Продолжая водить дружбу с членами королевской семьи, я
нанес визит самому королю, теперь уже покойному Малиетоа. Король был
великим правителем и, как он сам мне рассказывал, получал за свою
деятельность не менее сорока пяти долларов в месяц. Впоследствии его
заработок увеличился, и он стал жить роскошно.
Пока мой переводчик и я входили во дворец через
главный вход, королевский брат — здешний вице-король — обежал кругом
через участок, где росло таро, и вошел во дворец с черного хода. Он
уселся, съежившись, возле дверей, пока я рассказывал королю о себе.
Некий мистер В. из Нью-Йорка, крайне заинтересованный
в миссионерской деятельности, просил меня перед моим отплытием передать
привет королю «Каннибалловых островов», видимо, предполагая какие-то
здешние острова. Славный король Малиетоа, подданные которого за
последнее столетие не съели ни одного миссионера, выслушал переданный
через меня привет с таким удовольствием, словно ему особенно льстило
получить послание от одного из издателей журнала «Миссионерское
обозрение». В ответ король просил меня засвидетельствовать мистеру В.
его лучшие чувства. Затем его величество извинился и удалился, а я
продолжил беседу с его прекрасной дочерью Фааму-Сами, что в переводе
означает «воспламеняющая море», пока король не вернулся, одетый в
парадную форму германского верховного главнокомандующего — чуть ли не
самого кайзера Вильгельма. Я пожалел, что заблаговременно не послал свои
верительные грамоты, чтобы король мог сразу же меня принять при всех
регалиях. Несколько дней спустя я зашел попрощаться с Фааму-Сами и в
последний раз увидел короля Малиетоа.
Из приятных воспоминаний о чудесном Апиа я должен
упомянуть о небольшой школе и читальне, расположенных позади кафе
Лондонского миссионерского общества, где миссис Белл обучала английскому
языку сотню туземных мальчиков и девочек. Более приятных детей я нигде и
никогда не встречал
Когда я однажды посетил школу, миссис Белл сказала:
«Дети, покажем капитану, что мы тоже кое-что знаем о мысе Горн, где он недавно побывал вместе со «Спреем».
Тогда вперед выступил мальчуган девяти или десяти лет
и отлично прочитал отрывок из описания мыса Горн, сделанного Базилем
Холлом. Через некоторое время я получил от мальчика четко переписанный
текст.
Нанося прощальный визит моим друзьям в Вайлиме, я
встретил миссис Стивенсон и совершил вместе с ней прогулку по усадьбе.

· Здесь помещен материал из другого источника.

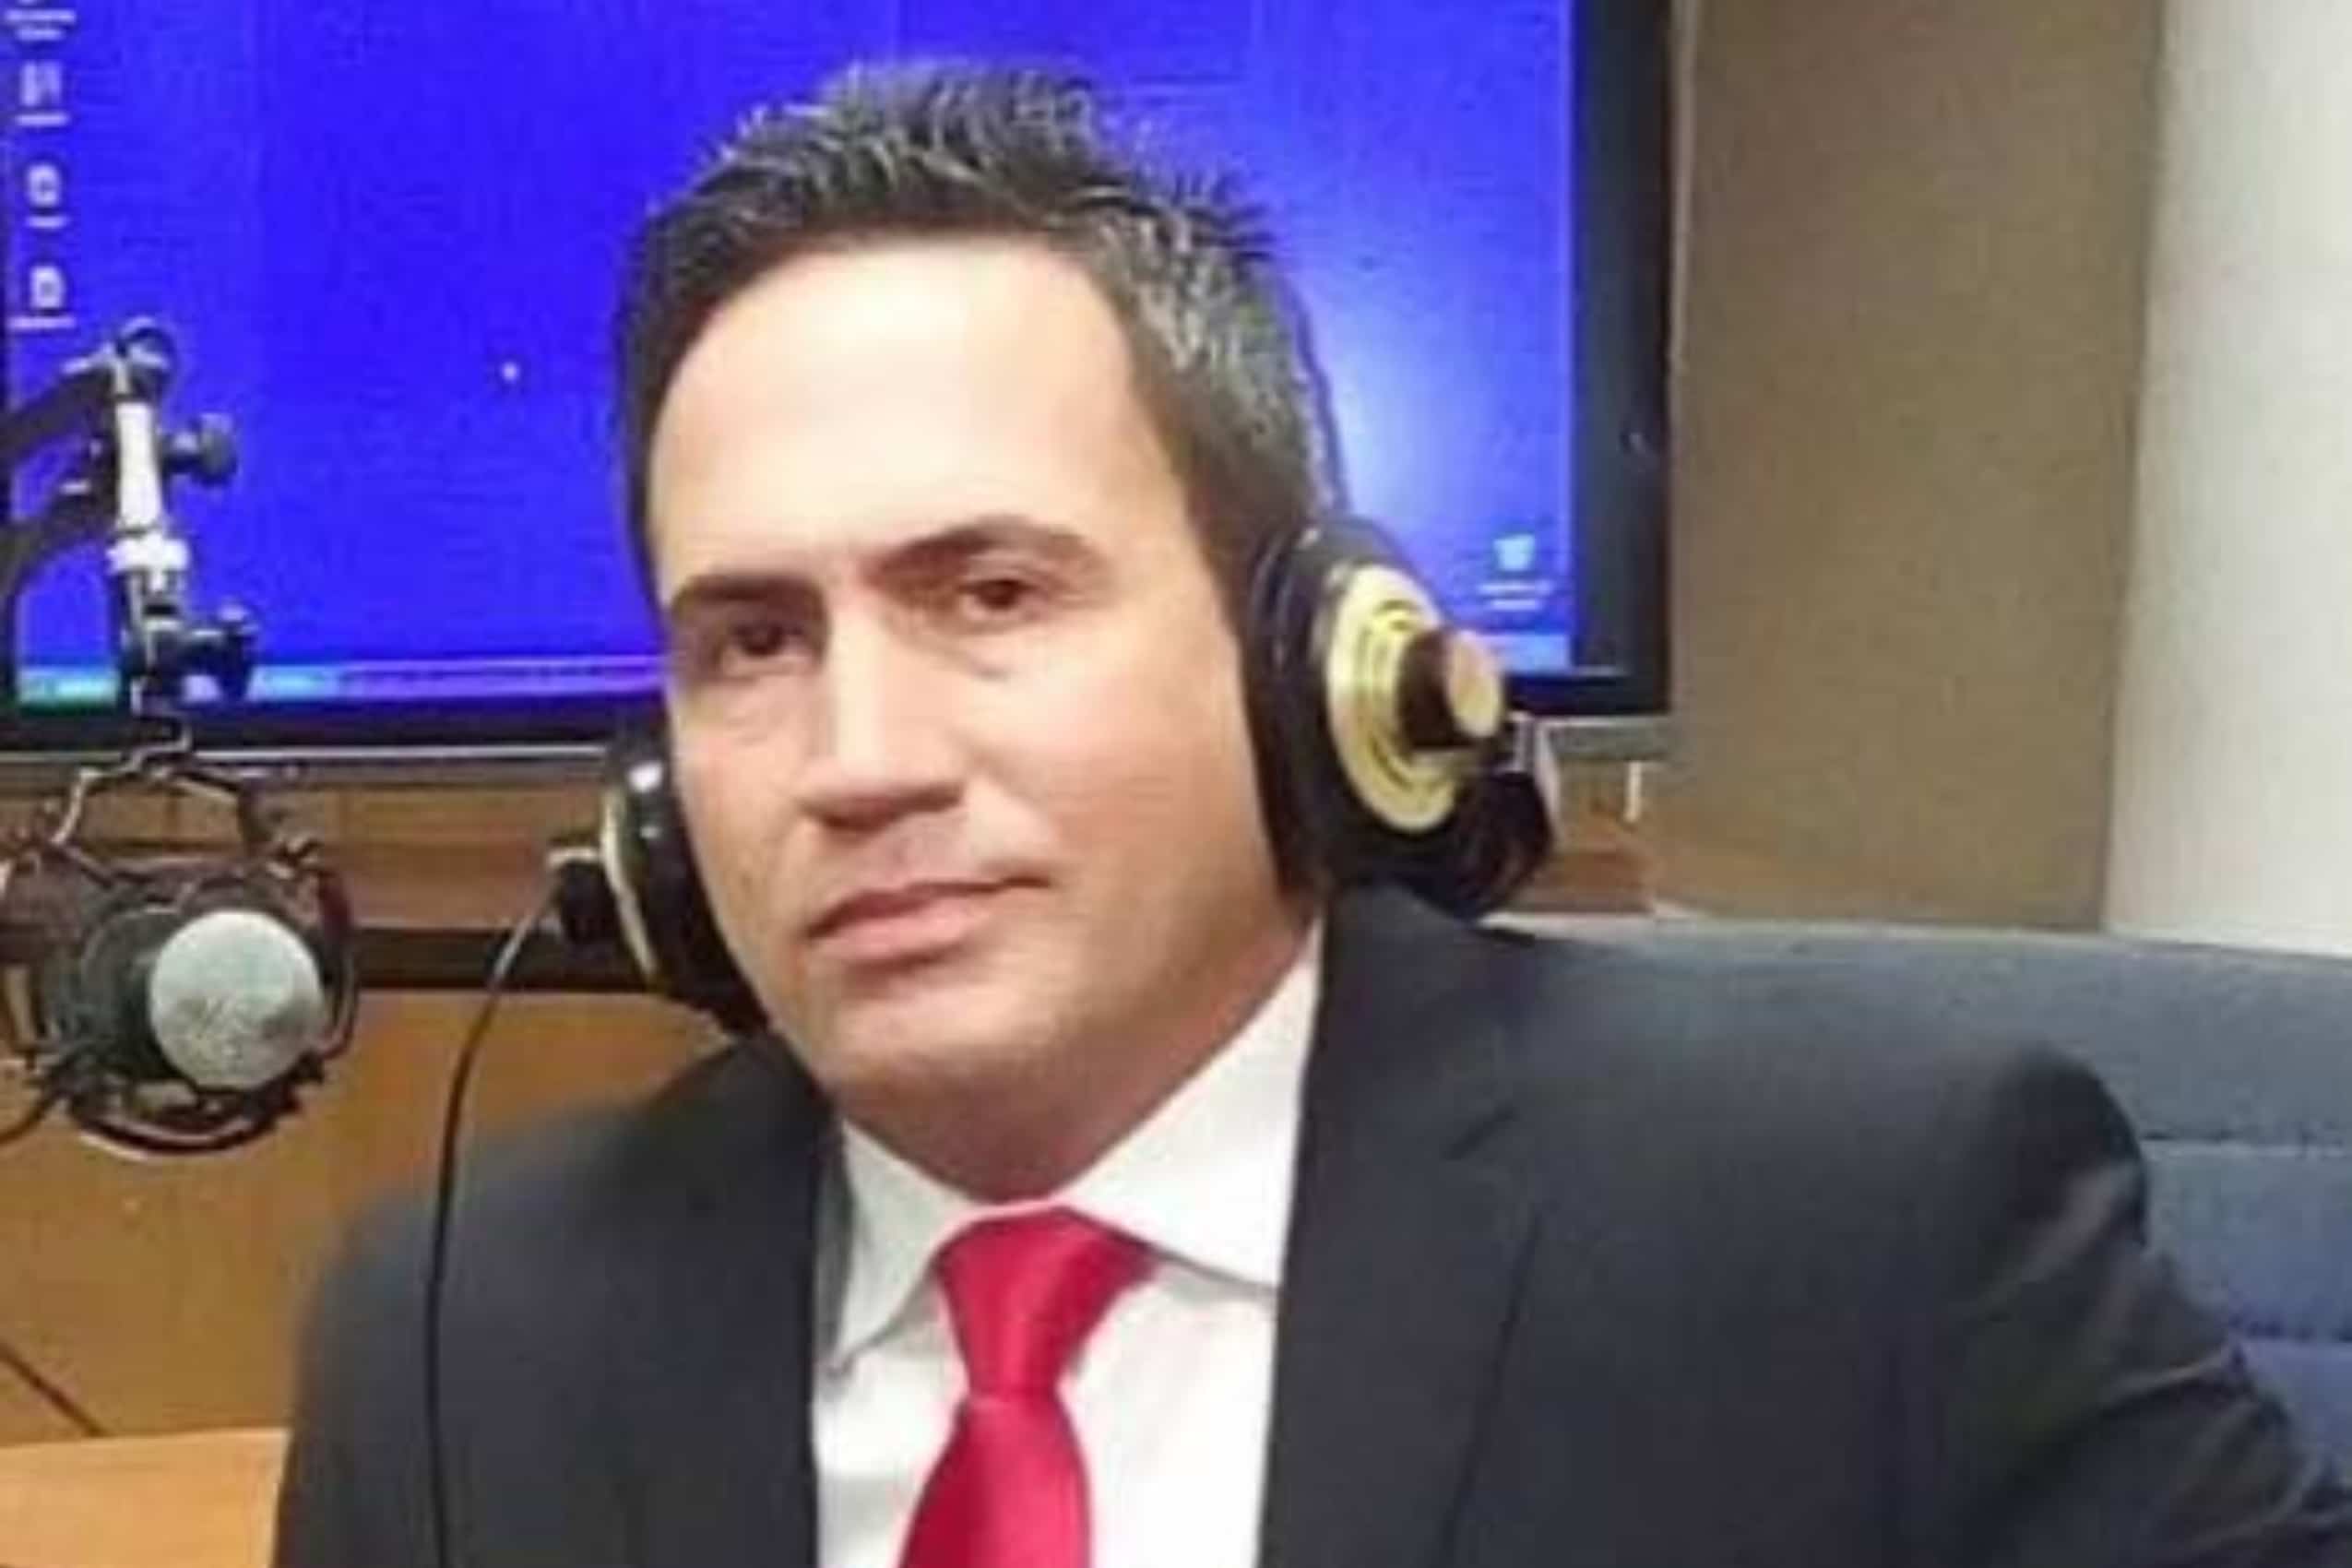 Censuran en programas de corte político al locutor cubano Yunior Morales por criticar al régimen de la isla.

Повсюду рабочие расчищали участки, и миссис Стивенсон дала распоряжение
одному из них срубить для «Спрея» несколько бамбуковых шестов с участка,
который она сама насадила четыре года назад и где бамбук достигал
шестидесяти футов в высоту. Я использовал этот бамбук для запасных
рангоутных деревьев, а из комля одного побега сделал утлегарь, служивший
мне в заключительной части моего плавания.
Теперь мне оставалось только распить вместе со всеми
прощальное ава и отправиться в море. Церемония распития ава, столь
распространенного на островах Самоа, проходила по всем туземным
правилам. Когда напиток был приготовлен, протрубили в большую морскую
раковину, а все присутствующие захлопали в ладоши. Так как торжество
было в честь отплытия «Спрея», то мне надлежало первому, как того
требуют обычаи страны, выплеснуть часть напитка через плечо, но я забыл,
как надо сказать на самоанском языке «пусть боги пьют», и произнес
несколько русских слов, после чего мистер Осборн заявил, что я природный
самоанец. Затем я пожелал моим добрым самоанским друзьям «talofa», а
они пожелали «Спрею» счастливого плавания.
20 августа 1896 года «Спрей» вышел из гавани и поплыл
своим курсом. Когда острова Самоа остались позади, меня охватило
печальное ощущение одиночества, и, чтобы излечиться от него, я пошел под
всеми парусами вперед, к берегам чудесной и уже знакомой мне Австралии.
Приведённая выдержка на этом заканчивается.